====== Supplied material

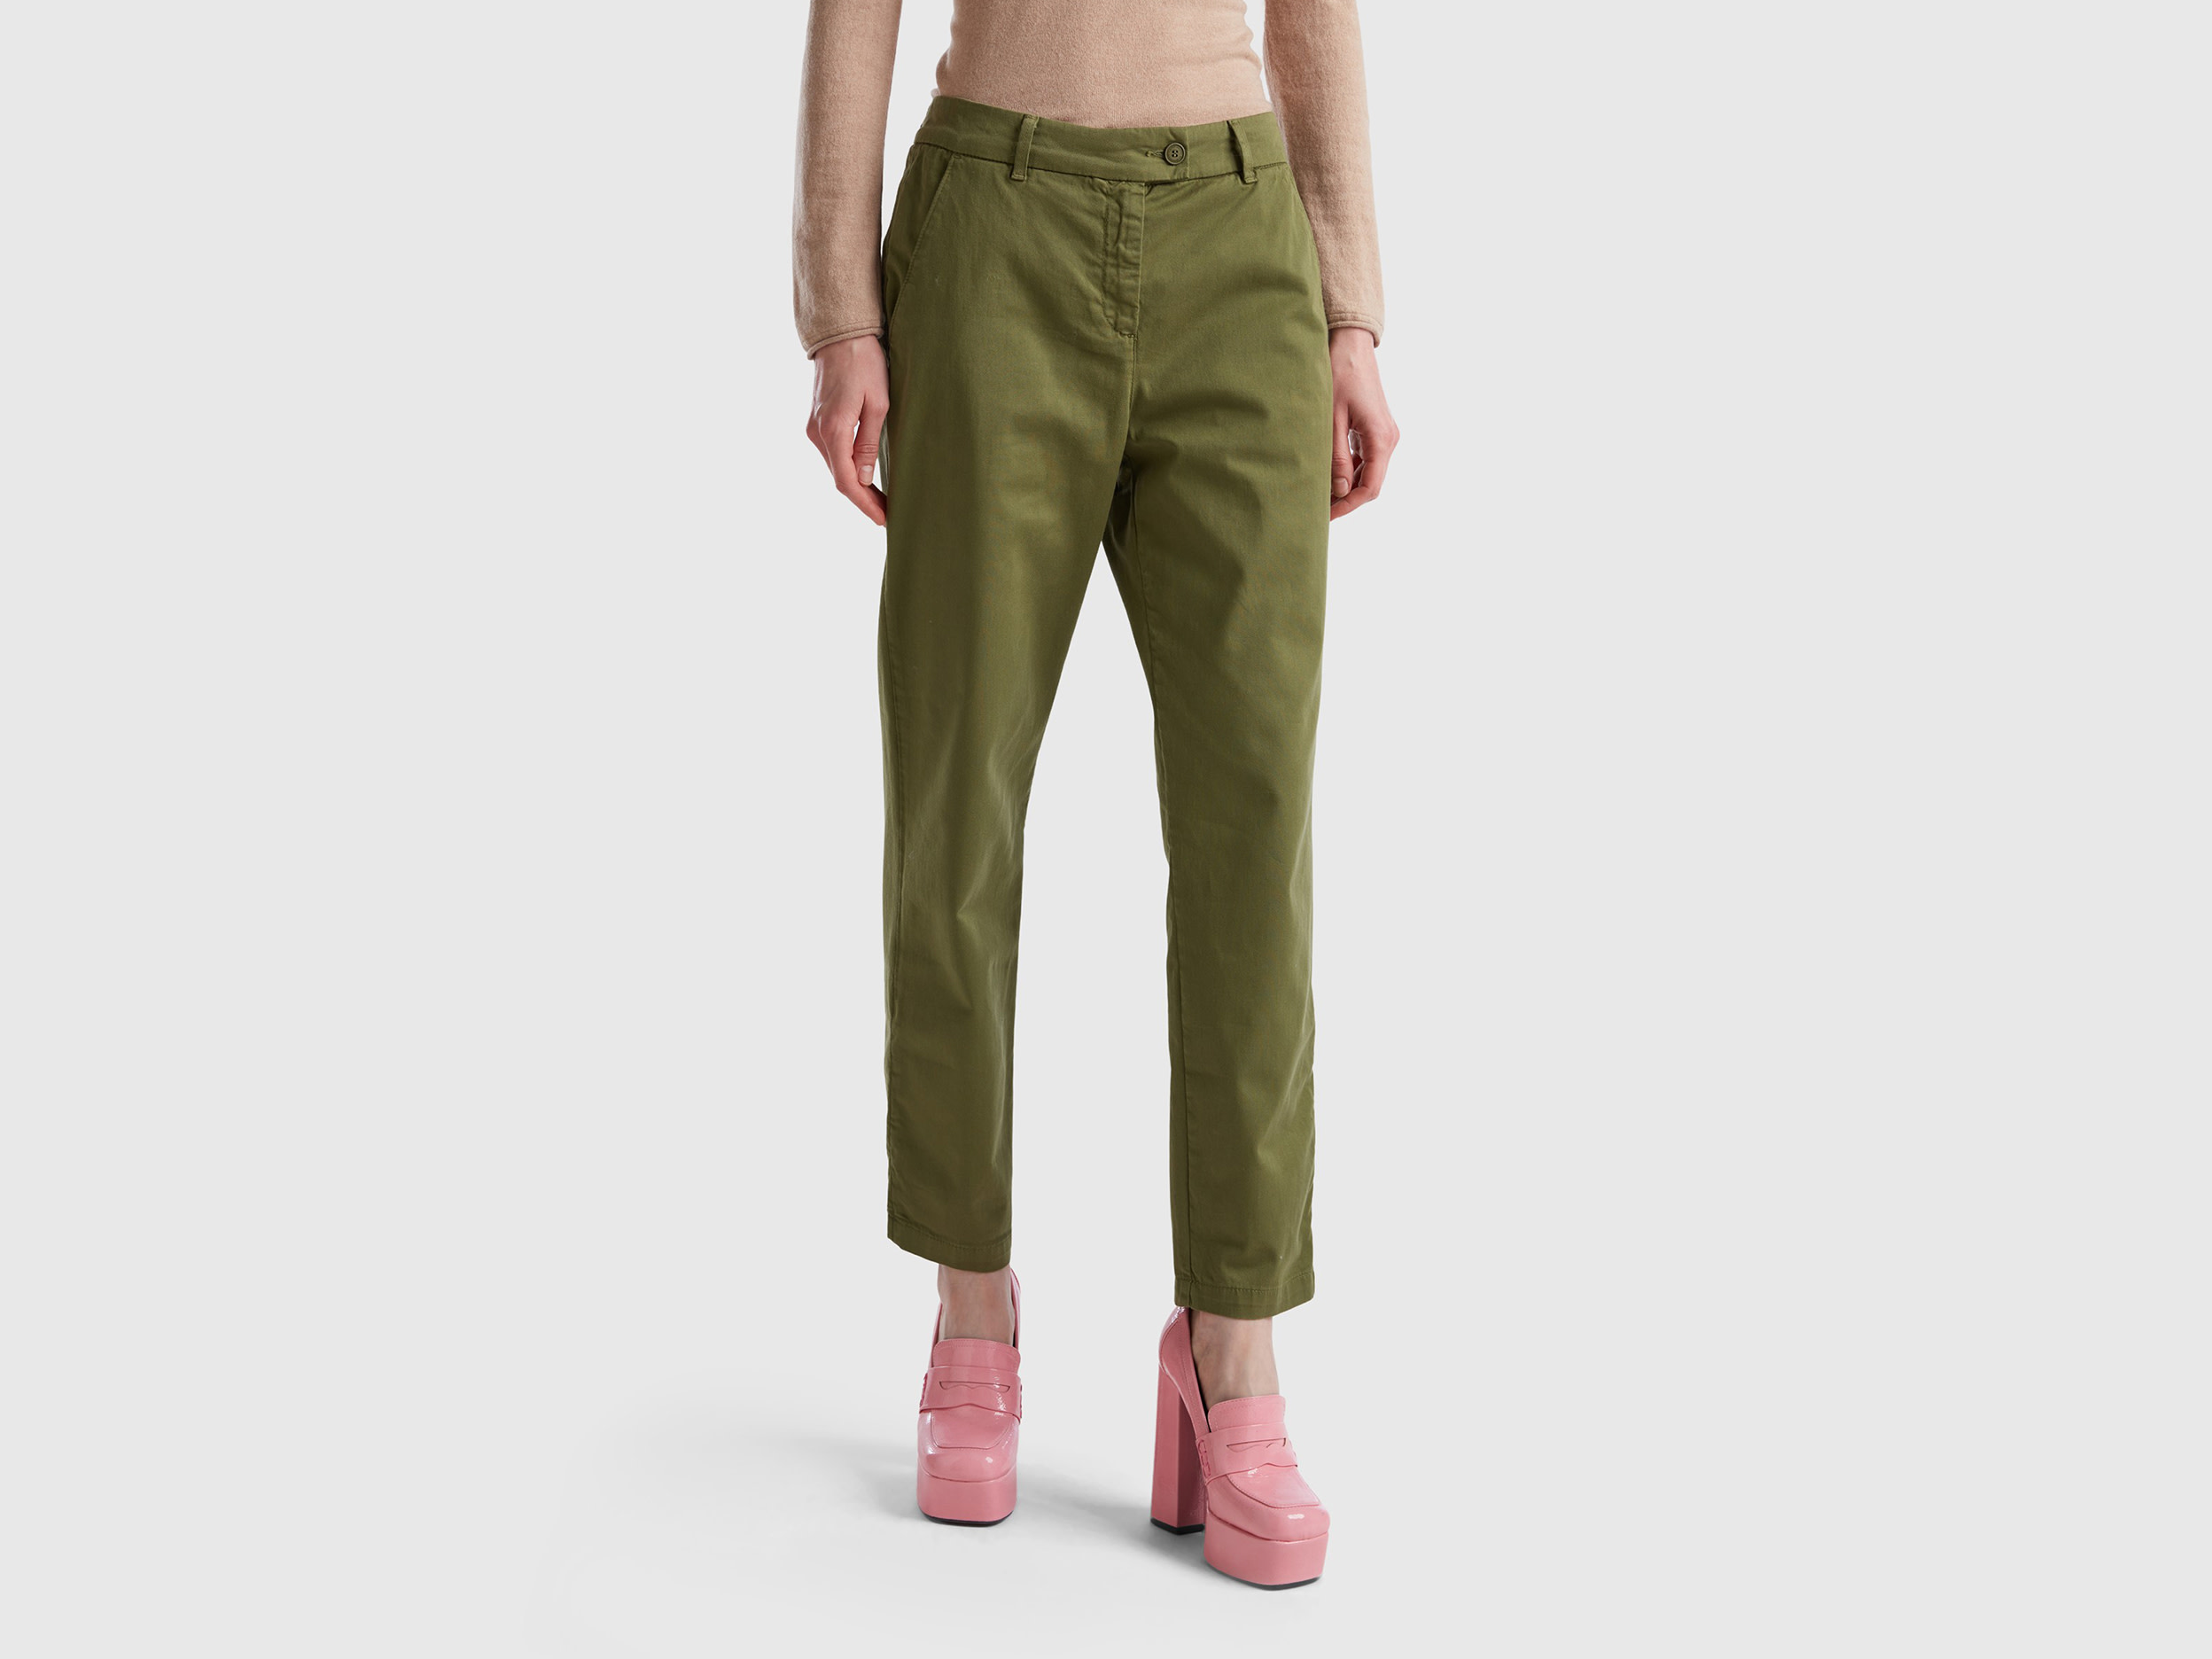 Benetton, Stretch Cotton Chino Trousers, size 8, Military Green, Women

============
====== Supplied material

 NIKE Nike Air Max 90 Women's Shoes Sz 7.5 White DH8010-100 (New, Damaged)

============
====== Supplied material

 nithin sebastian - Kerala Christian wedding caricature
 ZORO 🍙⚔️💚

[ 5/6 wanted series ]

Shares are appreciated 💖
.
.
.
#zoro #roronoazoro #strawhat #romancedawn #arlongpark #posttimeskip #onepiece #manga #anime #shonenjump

============

* [To do]:
Would you copy out exactly the lines above that start at the one containing "Shares are appreciated 💖" and end at the one containing "#zoro #roronoazoro #strawhat", inclusive?

* [Reply to the exercise]:
Shares are appreciated 💖
.
.
.
#zoro #roronoazoro #strawhat #romancedawn #arlongpark #posttimeskip #onepiece #manga #anime #shonenjump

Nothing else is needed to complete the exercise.